Many interesting properties of molecular motion are best characterized statistically by considering an ensemble of motion pathways rather than an individual one. For example, the "new view'' of protein folding kinetics replaces the traditional idea of a single folding pathway with the broader notion of energy landscapes and folding funnels [Dill and Chan '97, Pande et al. '98]. Proteins are thought to fold in a multi-dimensional funnel by following a myriad of pathways, all leading to the same native structure. To carry out computational studies of molecular motion in this framework, we need efficient algorithms that can quickly explore a large number of motion pathways. Unfortunately, classical simulation techniques such as Monte Carlo methods [Kalos and Whitlock '86] and molecular dynamics [Haile '92] generate individual pathways one at a time and are computationally inefficient if applied in a brute-force fashion to deal with many pathways. In this paper, we introduce Stochastic Roadmap Simulation (SRS), a randomized technique for sampling molecular motion and exploring the kinetics of such motion by examining multiple pathways simultaneously.

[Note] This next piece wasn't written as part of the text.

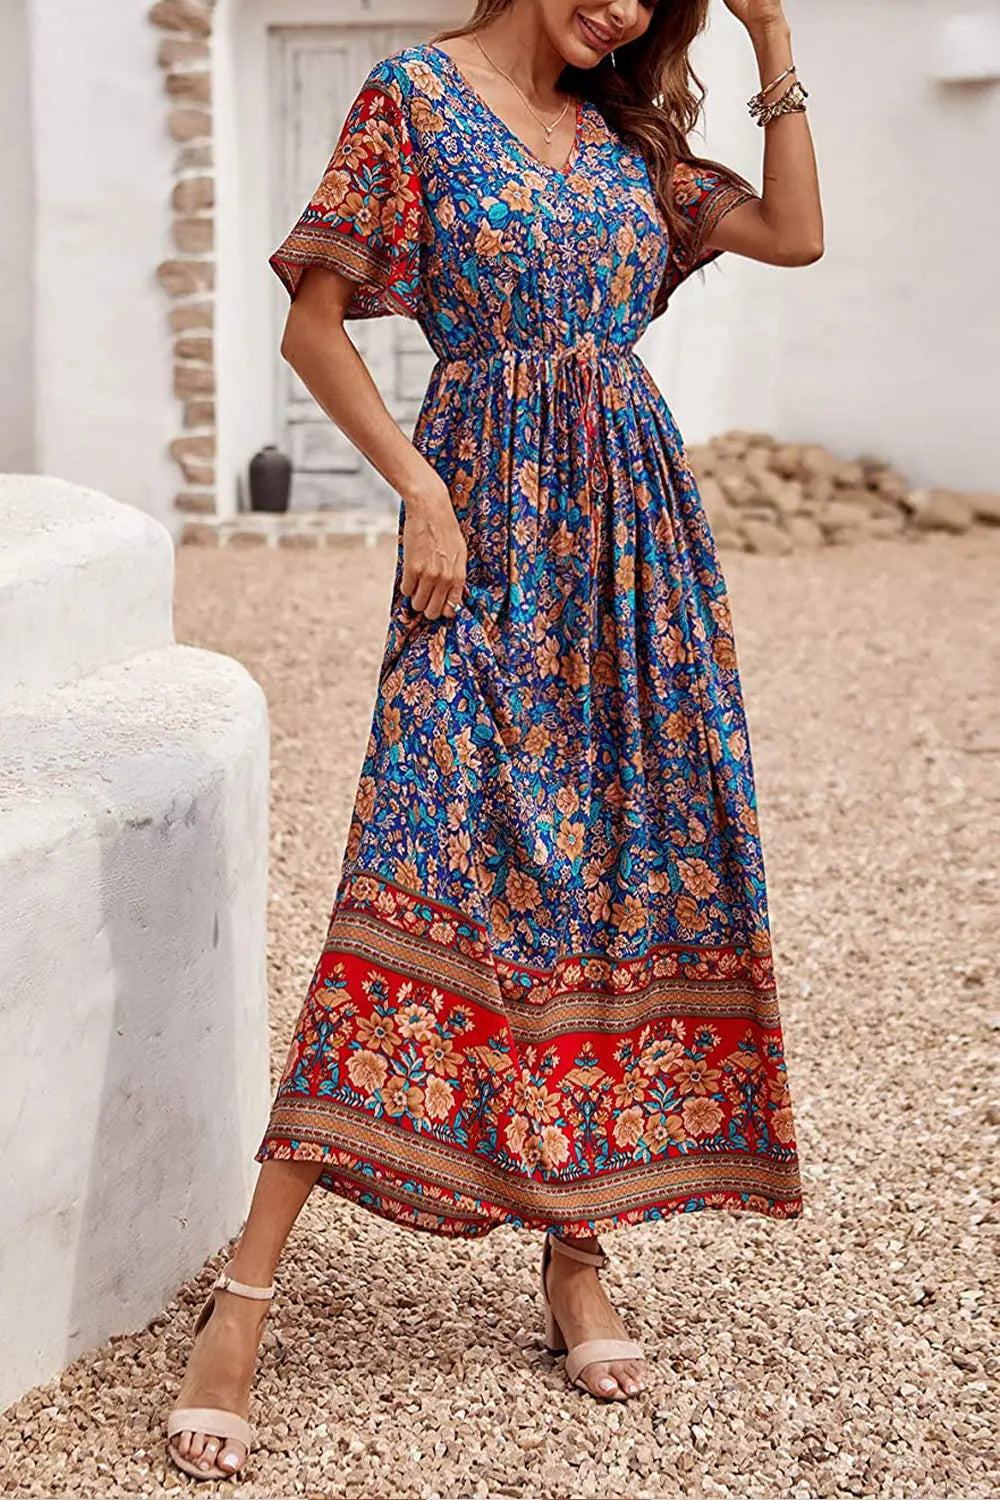 Large, Blue Floral) - PRETTYGARDEN Women's Casual Floral Print V Neck Short  Sleeve Summer Boho Beach Dress High Waist Long Maxi Dresses

In Stochastic Roadmap Simulation, we compactly encode many motion pathways
with a directed graph called a probabilistic conformational roadmap, or just roadmap for short. Every path in the roadmap is a potential motion pathway for the molecule. A roadmap thus contains many pathways, with associated probabilities indicating the likelihood that a molecule may follow these pathways. By analyzing the paths represented in the roadmap, we can efficiently obtain kinetic information on the motion of molecules over the entire energy landscape.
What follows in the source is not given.